In [1]:
%reload_ext autoreload
%autoreload 2

## Keyphrase Extraction in `ktrain`

Keyphrase extraction in **ktrain** leverages the [textblob](https://textblob.readthedocs.io/en/dev/) package, which can be installed with:
```
pip install textblob
python -m textblob.download_corpora
```

In [2]:
from ktrain.text.kw import KeywordExtractor
from ktrain.text.textextractor import TextExtractor

#### Downloaded a Paper from ArXiv and Extract Text
For our test document, let's download the ktrain ArXiv paper and use the `TextExtractor` module to extract text.

In [3]:
!wget --user-agent="Mozilla" https://arxiv.org/pdf/2004.10703.pdf -O /tmp/downloaded_paper.pdf -q
text = TextExtractor().extract('/tmp/downloaded_paper.pdf')

In [14]:
print(f"# of words in downloaded paper: {len(text.split())}")

# of words in downloaded paper: 4551


#### Using N-Grams as the candidate generator

Let's first use `ngrams` as the candidate generator, which is comparatively fast:

In [5]:
kwe = KeywordExtractor()

In [9]:
%%time
kwe.extract_keywords(text, candidate_generator='ngrams')

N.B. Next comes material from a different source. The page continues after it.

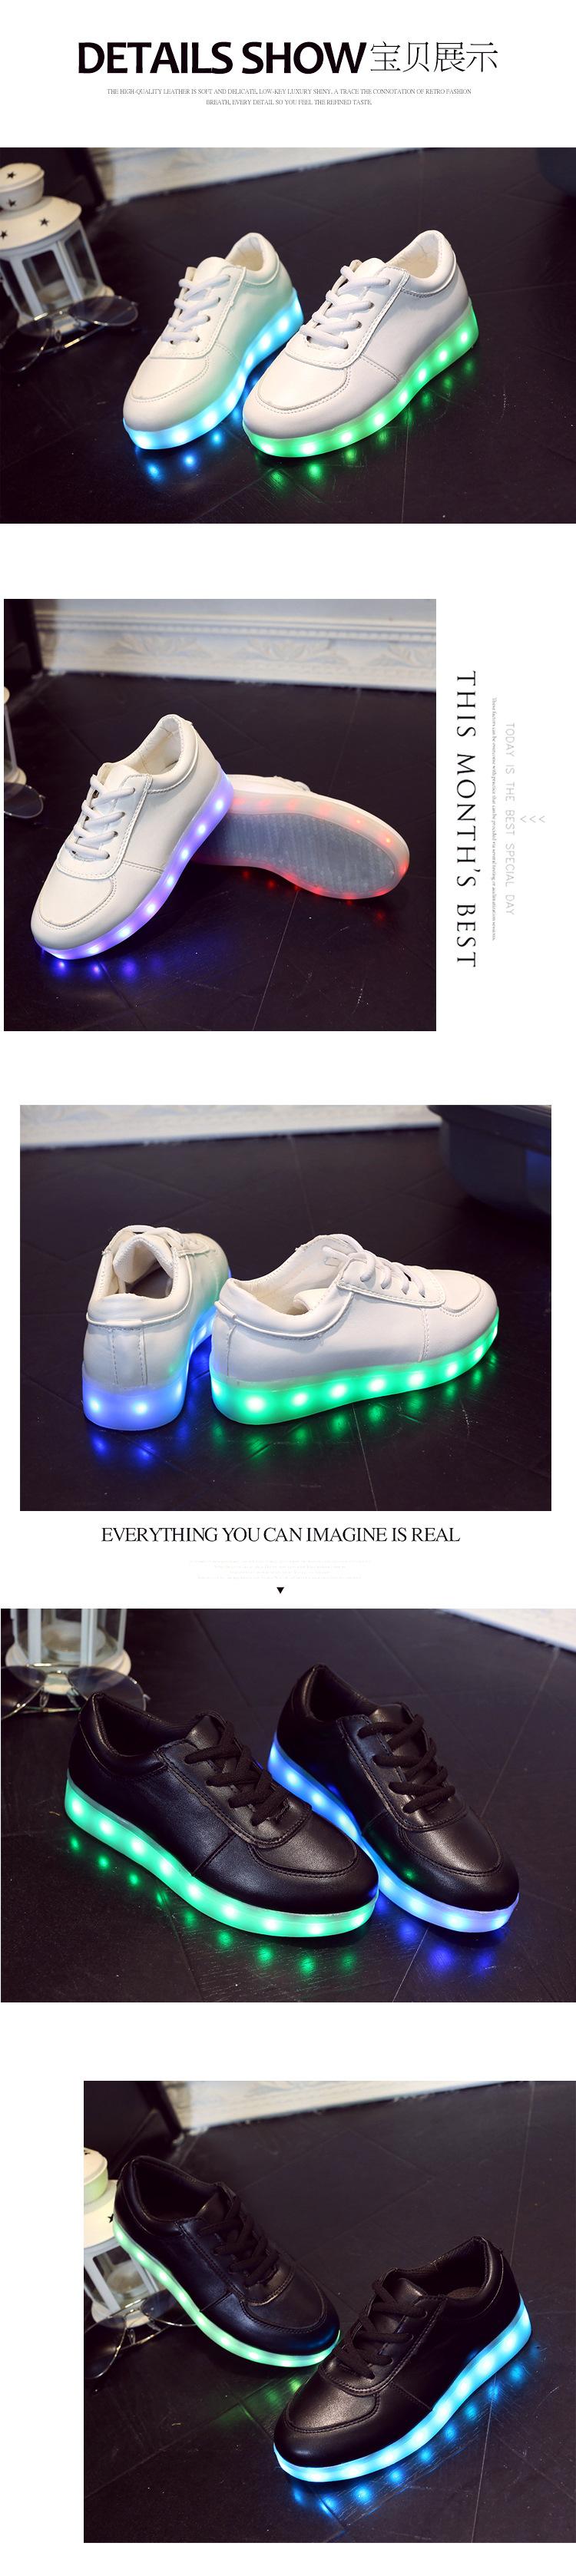 989d97b2818b7 usb childrens bright child shoes white basket led kids trainers girl ...

CPU times: user 351 ms, sys: 27.6 ms, total: 379 ms
Wall time: 378 ms


[('machine learning', 0.10548523206751055),
 ('step', 0.06751054852320675),
 ('learning rate', 0.046413502109704644),
 ('arxiv preprint', 0.046413502109704644),
 ('text classification', 0.03375527426160337),
 ('augmented machine', 0.02531645569620253),
 ('open-domain question-answering', 0.02531645569620253),
 ('augmented machine learning', 0.02531645569620253),
 ('bert', 0.02109704641350211),
 ('low-code library', 0.02109704641350211)]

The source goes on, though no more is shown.